As part of my project, I plan to involve people – Ukrainians who emigrated due to the war and local communities – from five cities in the Netherlands to join my activities. I invite them to bring their clothes, cut and combine them themselves into new textile canvases, which I then compress and transform into objects of utilitarian design. This collaboration with people who reflect their experiences in textile form and create unexpected combinations disrupts social and political roles, raising questions about refugees, decolonization, capitalist hierarchy and its alternatives.
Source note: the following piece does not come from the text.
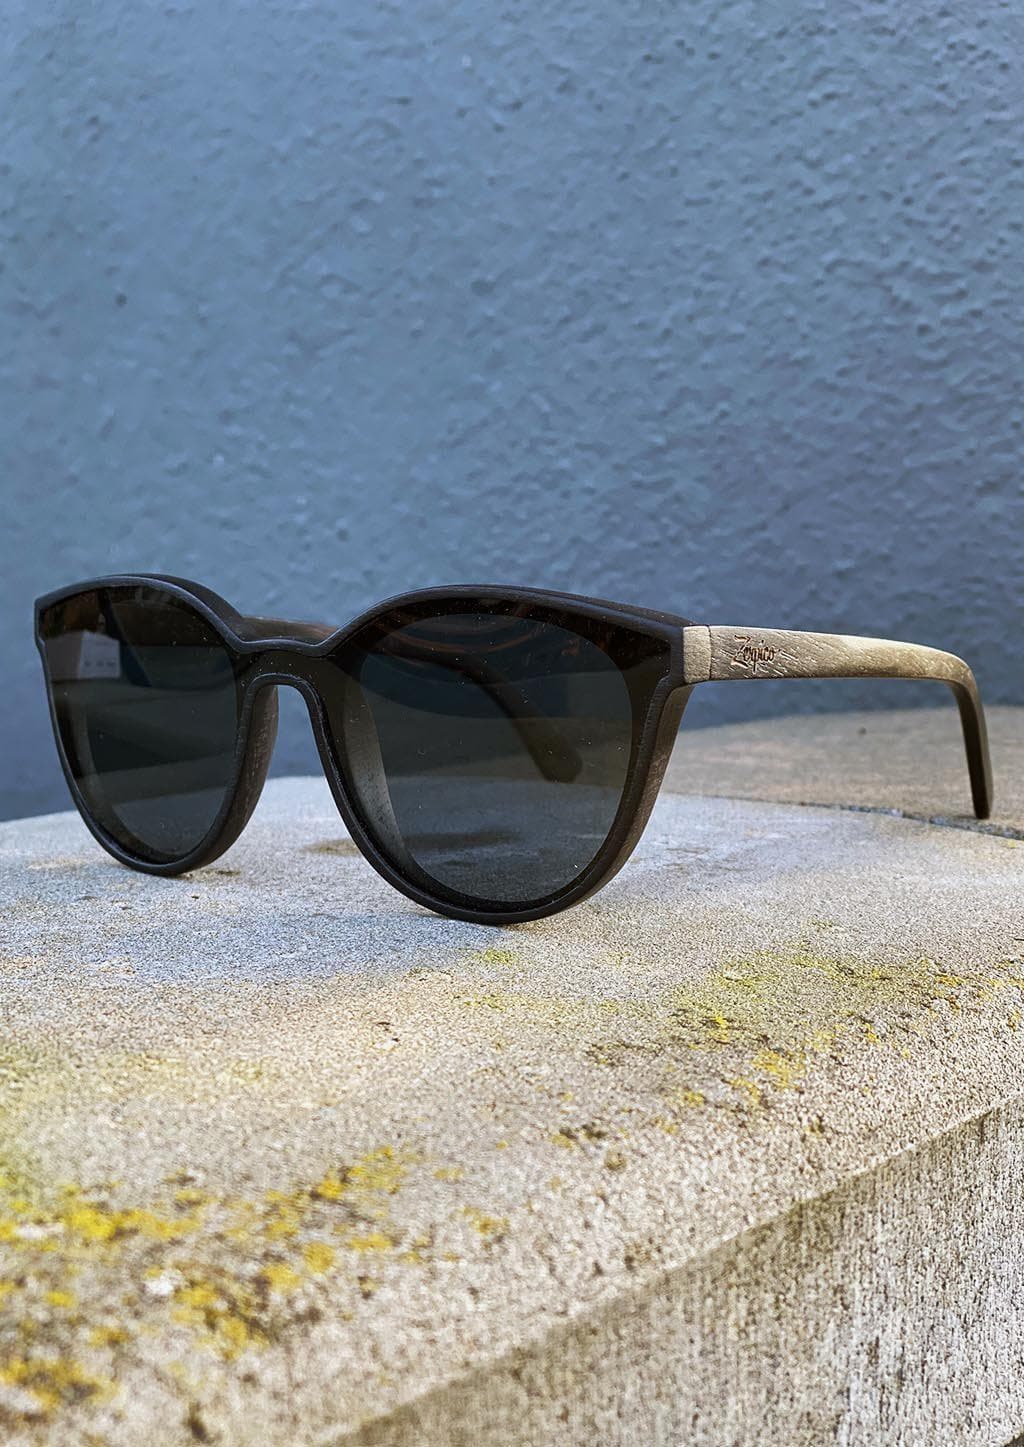 Eyewood - Madison - All wooden sunglasses with style. Outside in the sun.
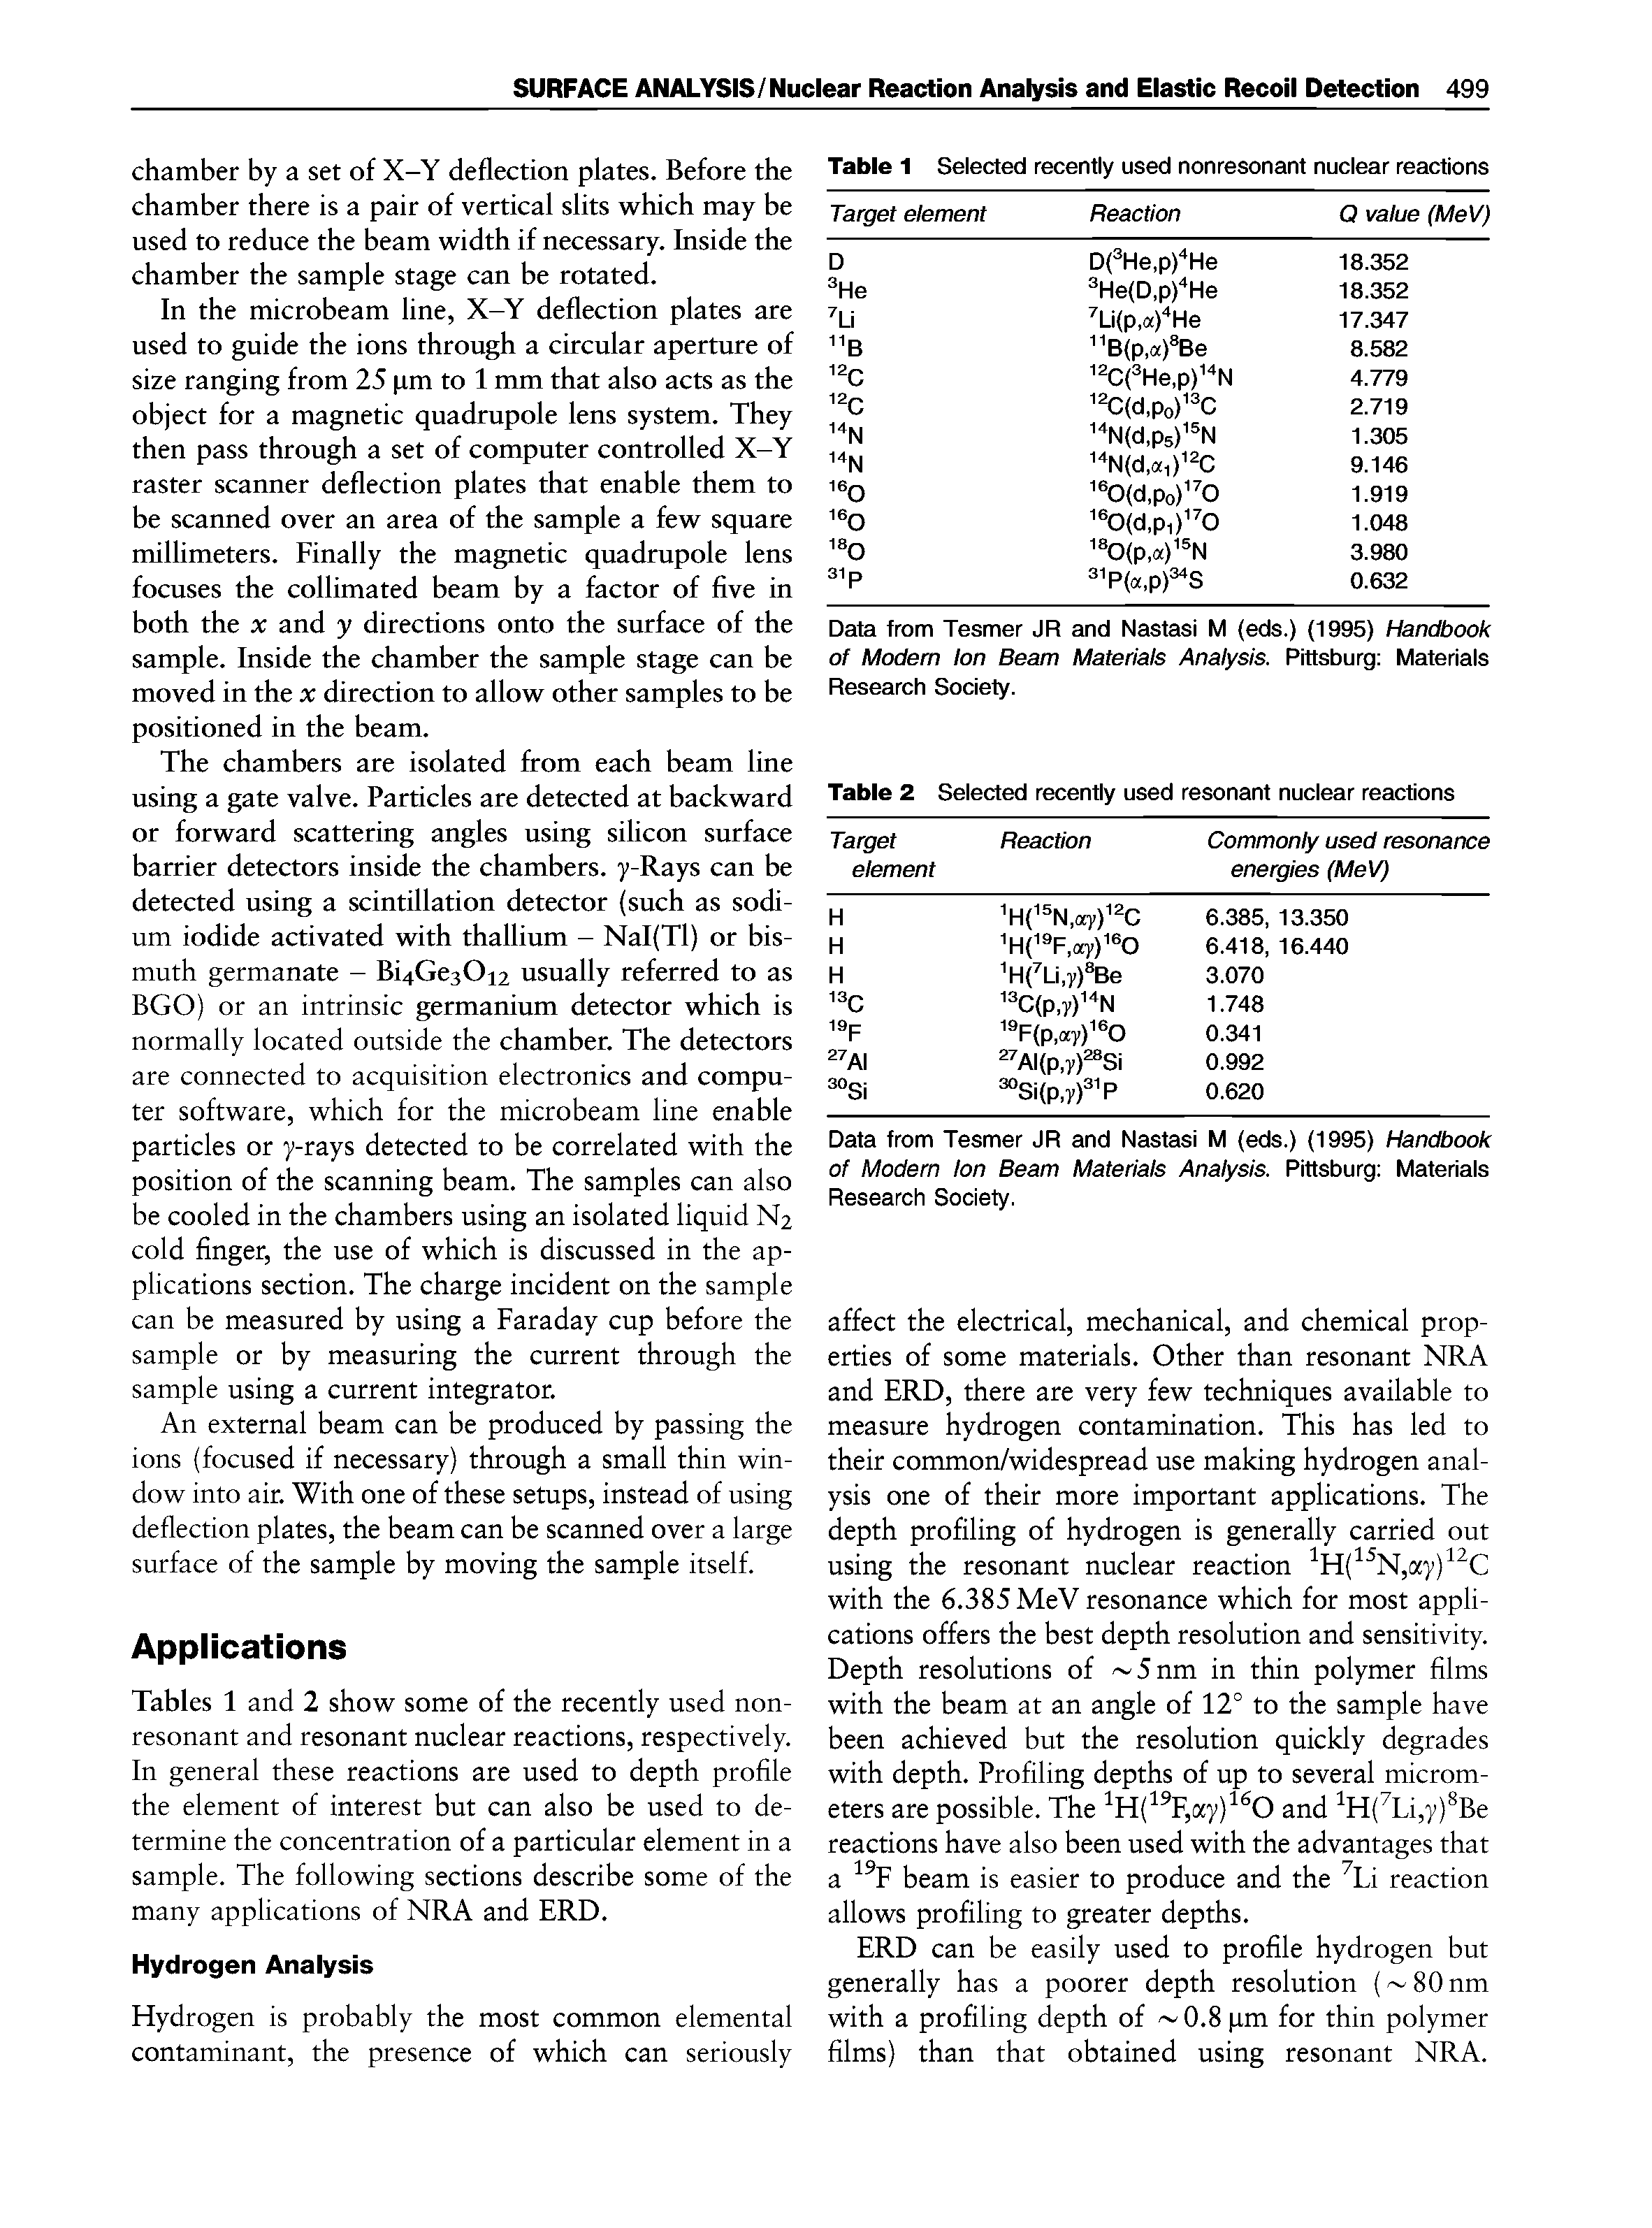 Tables 1 and 2 show some of the recently used non-resonant and resonant nuclear reactions, respectively. In general these reactions are used to depth profile the element of interest but can also be used to determine the concentration of a particular element in a sample. The following sections describe some of the many applications of NRA and ERD.

Thus, I am experimenting with minimising textile waste on the one hand and changing sustainable habits of consumption and self-identification through wardrobe on the other. My goal is to deconstruct the consumer role assigned to people in a globalised world. It is also important for me to implement the idea of ​​New Production and to inspire people to transfer the gained experience of deconstruction to everyday life.

  • When can the public expect the project, and where exactly can it be seen?

I plan to show the final compressed objects (sweatshots) as part of the design week in Eindhoven in October 2024.

  • Who will be primarily interested in the project and why?

The target audiences of my project are Ukrainian refugees in various communities in the Netherlands and the local community that has been receiving or interacting with refugees since the beginning of the full-scale invasion. Through joint activities at the workshops, I will help them understand their experience, find new social connections, and each of the participants will have the opportunity to speak out their experience and make content visible to the social environment, which will have a therapeutic effect.
The target audience of the final exhibition of the objects created at the workshops are artists and art critics interested in participatory practices, art therapists, refugees and forced migrants, as well as local communities. Equally important to me are eco-activists and sociologists of consumption and sustainable development, the fashion community that researches and uses upcycling and recycling methods in their practice.

The Letterenfonds Foundation grant was granted exclusively to artists, who arrived in the country after February 24, 2022 as temporarily displaced persons.